Referring now to FIG. 3, a semiconductor wafer cross section at an early processing step is indicated generally by reference numeral 100. The semiconductor wafer 100 is comprised of a bulk silicon substrate 112 with field isolation oxide regions 114 and active areas 116, 118, 120 formed therein. Word lines 122, 124, 126, 128 have been constructed on the wafer 100 in a conventional manner. Each wordline consists of a lower gate oxide 130, a lower poly layer 132, a higher conductivity silicide layer 134 and an insulating silicon nitride cap 136. Each wordline has also been provided with insulating spacers 138, which are also composed of silicon nitride.

Two FETs are depicted in FIG. 3. One FET is comprised of two active areas (source/drain) 116, 118 and one wordline (gate) 124. The second FET is comprised of two active areas (source/drain) 118, 120 and a second wordline (gate) 126. The active area 118 common to both FETs is the active area over which a bit line contact will be formed. As discussed above, one bit line contact is shared by two memory cells to conserve space.

Referring now to FIG. 4, a thin layer 140 of nitride or TEOS (tetraethyl orthosilicate) is then provided atop the wafer 100. Next a layer of insulating material 142 is deposited. The insulating material preferably consists of borophosphosilicate glass (BPSG). The insulating layer 142 is subsequently planarized by chemical-mechanical polishing (CMP). Referring now to FIG. 5, plug openings have been formed through the insulating layer 142. The plug openings 144 are formed through the insulating layers 140 and 142 by photomasking and dry chemical etching the BPSG.

Referring now to FIG. 6, a layer 146 of conductive material is deposited to provide conductive material within the plug openings 144. The conductive plug layer 146 is in contact with active areas 116, 118, 120. An example of the material used to form conductive plug layer 146 is in situ arsenic or phosphorous doped poly.

Referring now to FIG. 7, conductive plug layer 146 is dry etched (or chemical-mechanical polished) to a point below the upper surface of the BPSG layer 142 such that the remaining material of the conductive plug layer 146 forms plugs 146 over the active areas 116, 118, 120. Still with reference to FIG. 7, an additional layer 148 of BPSG is then deposited on the structure.

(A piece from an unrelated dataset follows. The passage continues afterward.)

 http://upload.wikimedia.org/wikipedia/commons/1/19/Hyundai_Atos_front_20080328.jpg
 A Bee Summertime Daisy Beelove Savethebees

Referring now to FIG. 8, capacitor openings 150 are then formed in the BPSG layer 148 by photomasking and dry chemical etching. The height of the plugs, as defined by the conductive plug layer 146 over the non-bit line active areas 116, 120 is also reduced by this step. Referring now to FIG. 9, a layer 152 of conductive material that will eventually form the storage node (lower electrode) of the capacitor is deposited at a thickness such that the capacitor openings 150 are not closed off. Layer 152 may be formed of hemispherical grained poly (HSG) to increase capacitance. If HSG poly is used, the layer 152 may be formed by first depositing a layer of in situ doped polysilicon followed by a deposition of undoped HSG. Subsequent heating inherent in wafer processing effectively conductively dopes the overlying HSG layer. Alternatively, the conductive layer 152 may be provided by in situ arsenic doping of an entire HSG layer. The conductive layer 152 is in electrical contact with the previously formed plugs 146 over the non-bit line active areas 116, 120.

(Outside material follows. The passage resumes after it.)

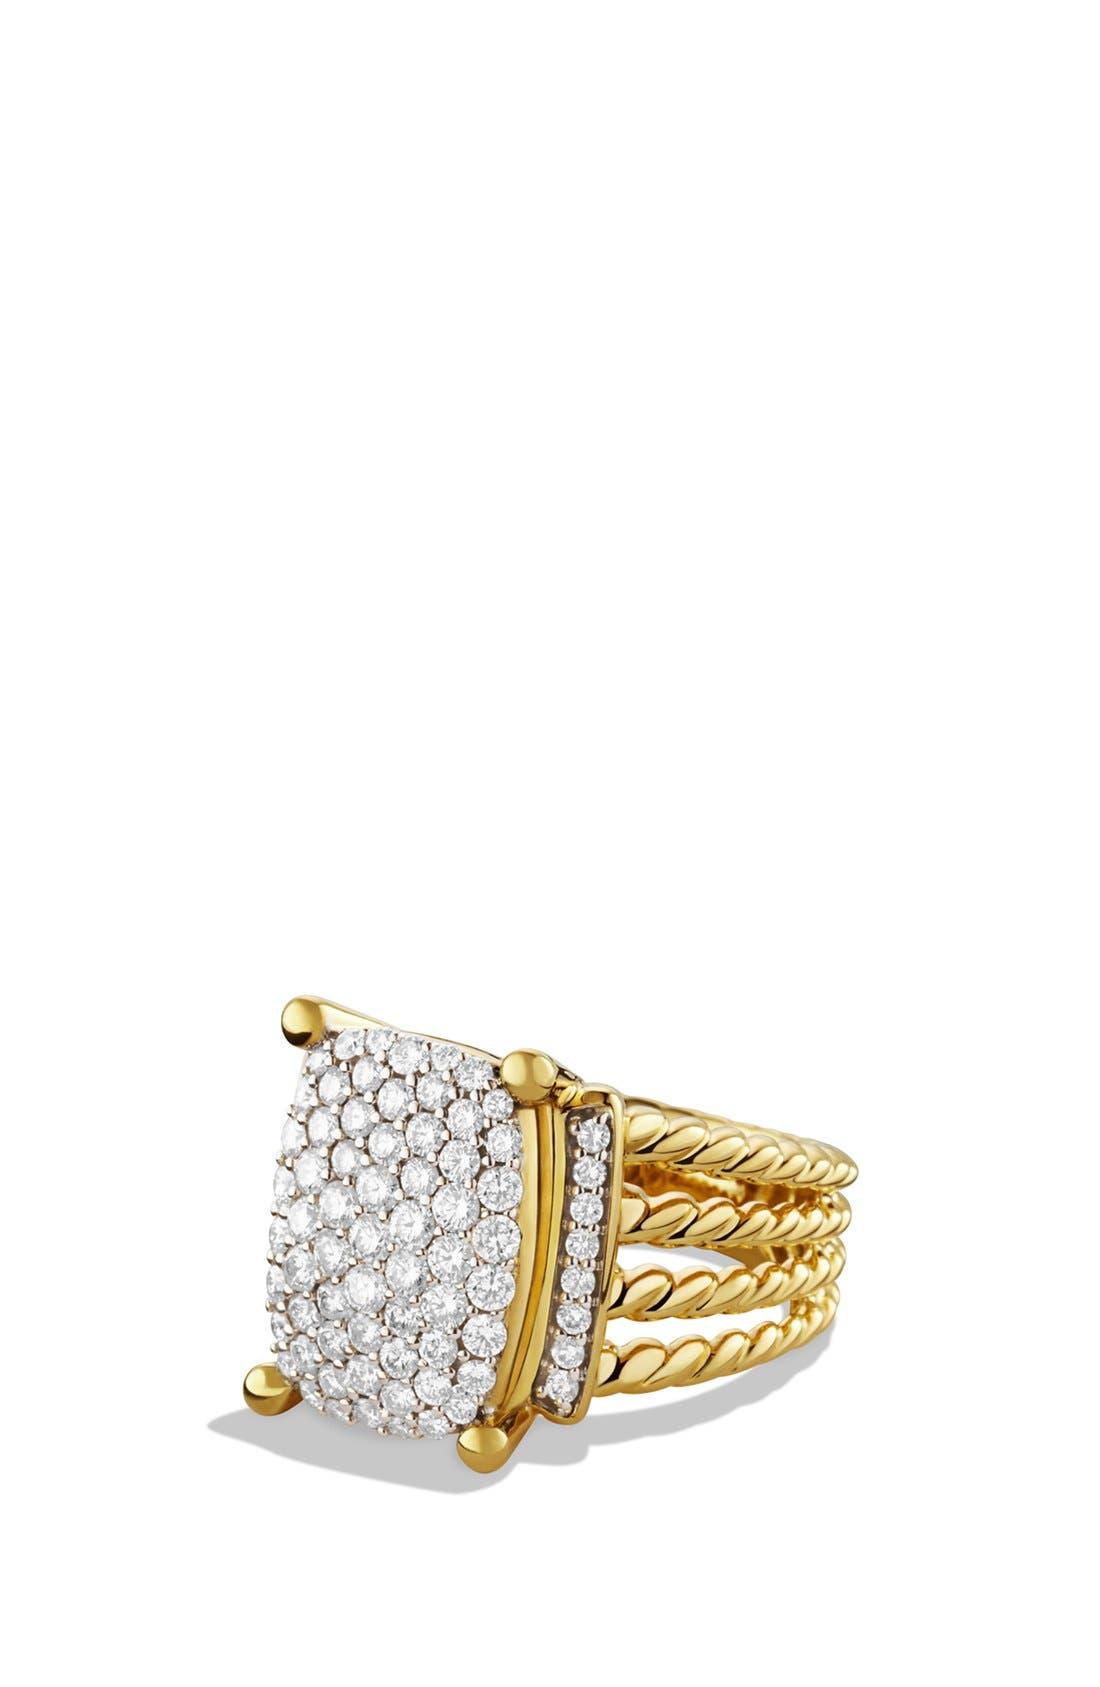 'Wheaton' Ring with Diamonds in Gold,                         Main,                         color, Diamond

Referring now to FIG. 10, the portion of the conductive layer 152 above the top of the second BPSG layer 148 is removed through a CMP or planarized etching process. Referring now to FIG. 11, a capacitor dielectric layer 154 is provided over the second BPSG layer 148 and over the conductive layer 152 within the capacitor openings 150. The dielectric layer 154 is deposited with a thickness such that the capacitor openings 150 are again not completely filled. The dielectric layer 154 may comprise a Ta2O5 or oxide-nitride-oxide (ONO) dielectric, although other materials are of course possible.

A second conductive layer 156 is deposited over the dielectric layer 154, again at a thickness which less than completely fills the bit line contact and capacitor openings 144, 146. The second conductive layer 156 is preferably composed of poly. In addition to serving as a second plate of the capacitor, the second conductive layer 156 also forms the interconnection lines between the second plates of capacitors. The second plate is the plate of the capacitor that is connected to the reference voltage.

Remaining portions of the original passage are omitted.